Portanto, quando itens não comestíveis entram em suas bocas, diz a especialista, “é um pouco tarde demais para eles perceberem”.

Mas, afinal, haveria como essas baleias notarem que se trata de um elemento estranho e não de alimento? Redaellli e seus colegas observam que, antes da existência do plástico, qualquer coisa que uma baleia encontrasse nas profundezas do oceano e que produzisse um eco forte o suficiente era provavelmente biológico –e, portanto, comestível.

“Elas não esperam ver nada na água que não seja comida”, diz Merrill, ‘então, se encontrarem algo com um sinal, elas irão atrás’.

Baleias que comem plástico passam pelo “pior tipo de sofrimento”
Savoca, que estuda o consumo de plástico por animais marinhos, há muito tempo suspeitava que o gosto das baleias dentadas por plástico estava ligado ao sonar. Mas, mesmo assim, ele diz: “A força com que [o plástico] imitava suas presas foi um pouco surpreendente para mim”.

Ele adverte que, como não podemos observar as baleias nas profundezas do oceano, os estudos podem não retratar perfeitamente como elas percebem os plásticos na realidade. Mas ele acha que os pesquisadores fizeram um trabalho admirável ao aproximar as condições reais com os meios disponíveis.

E é uma pesquisa importante, considerando a quantidade crescente de lixo no oceano e as consequências para os animais que o consomem.

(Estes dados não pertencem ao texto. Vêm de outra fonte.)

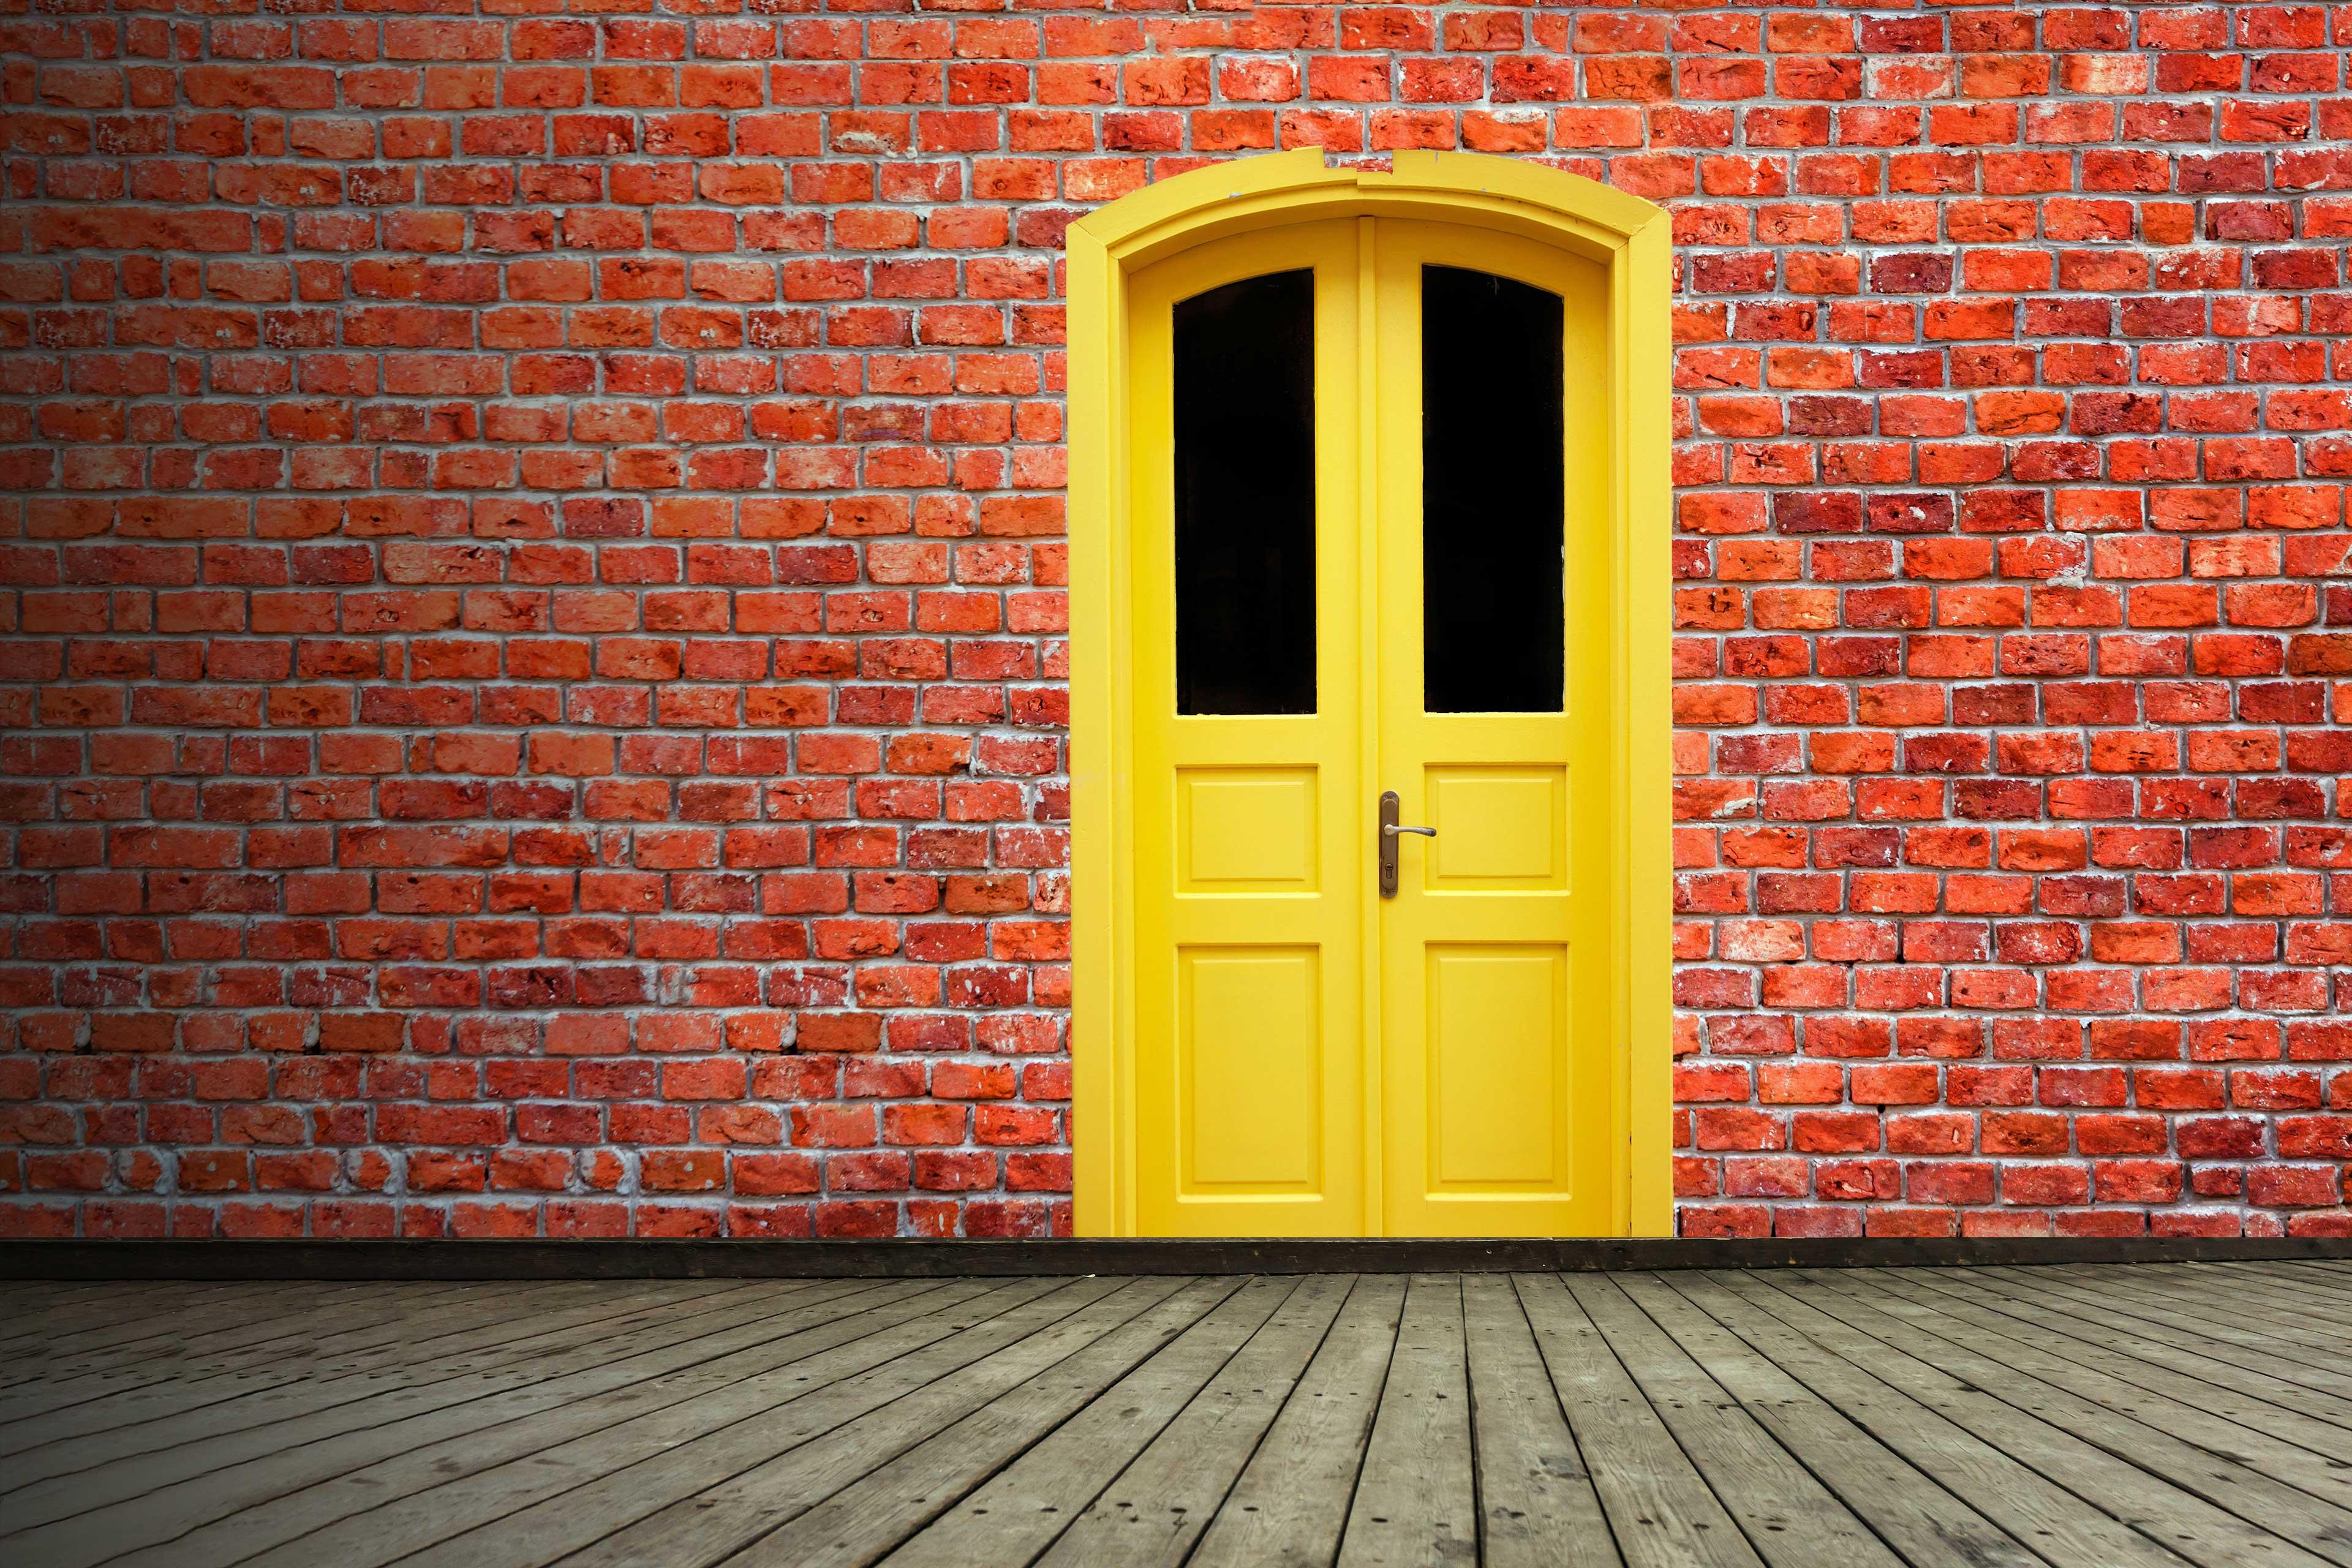 EY - Yellow door
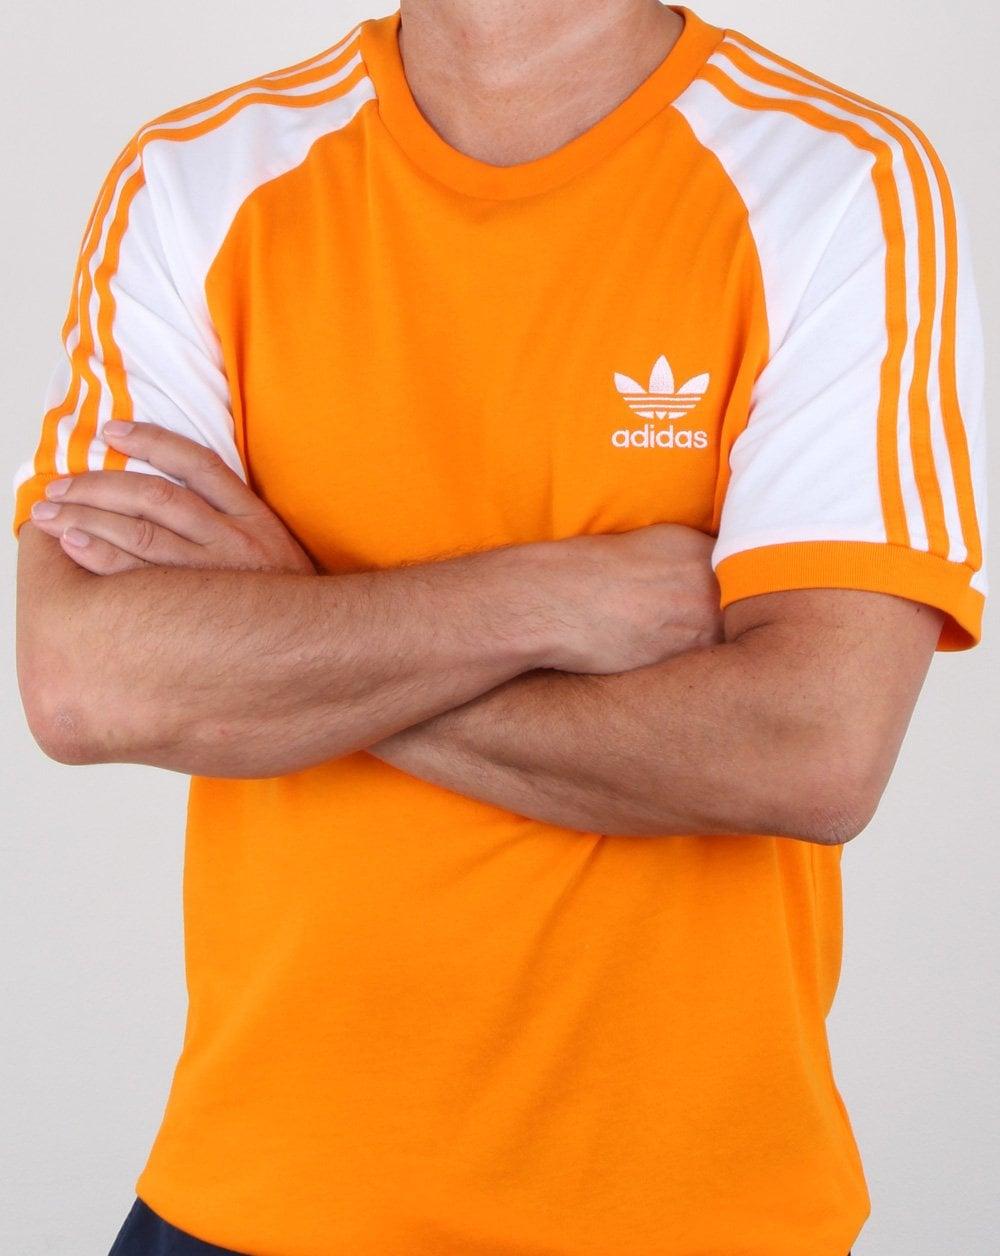 76567c877 Adidas Originals 3 Stripes T Shirt Bright Orange, Mens, Trefoil, Crew

“É o pior tipo de sofrimento”, diz Savoca. “Eles sentem dor, estão morrendo de fome, mas acham que estão comendo, então não entendem o que está acontecendo.”

Como solução para esse problema, os fabricantes de plásticos poderiam tentar projetar plásticos para que sejam menos semelhantes acusticamente às presas, diz Redaelli, mas ela também reconhece que isso pode facilitar o enredamento das baleias em itens como redes de plástico.

Outra solução seria trocar os plásticos existentes por materiais biodegradáveis que verdadeiramente se decompõem de forma rápida no oceano ou até mesmo no estômago das baleias.

Em primeiro lugar, todos os três especialistas concordam com a necessidade de reduzir a produção de plástico. A abordagem ideal, afirmam Savoca e Merrill, envolve mudanças nas políticas e o desvio de fluxos de resíduos do oceano, especialmente visando itens de uso único desnecessários.

“Talvez possamos esperar que, em algum momento, as baleias aprendam a diferença” entre o plástico e a presa, diz Redaelli. Mas até lá, “quanto mais plástico continuarmos colocando, mais animais morrerão”.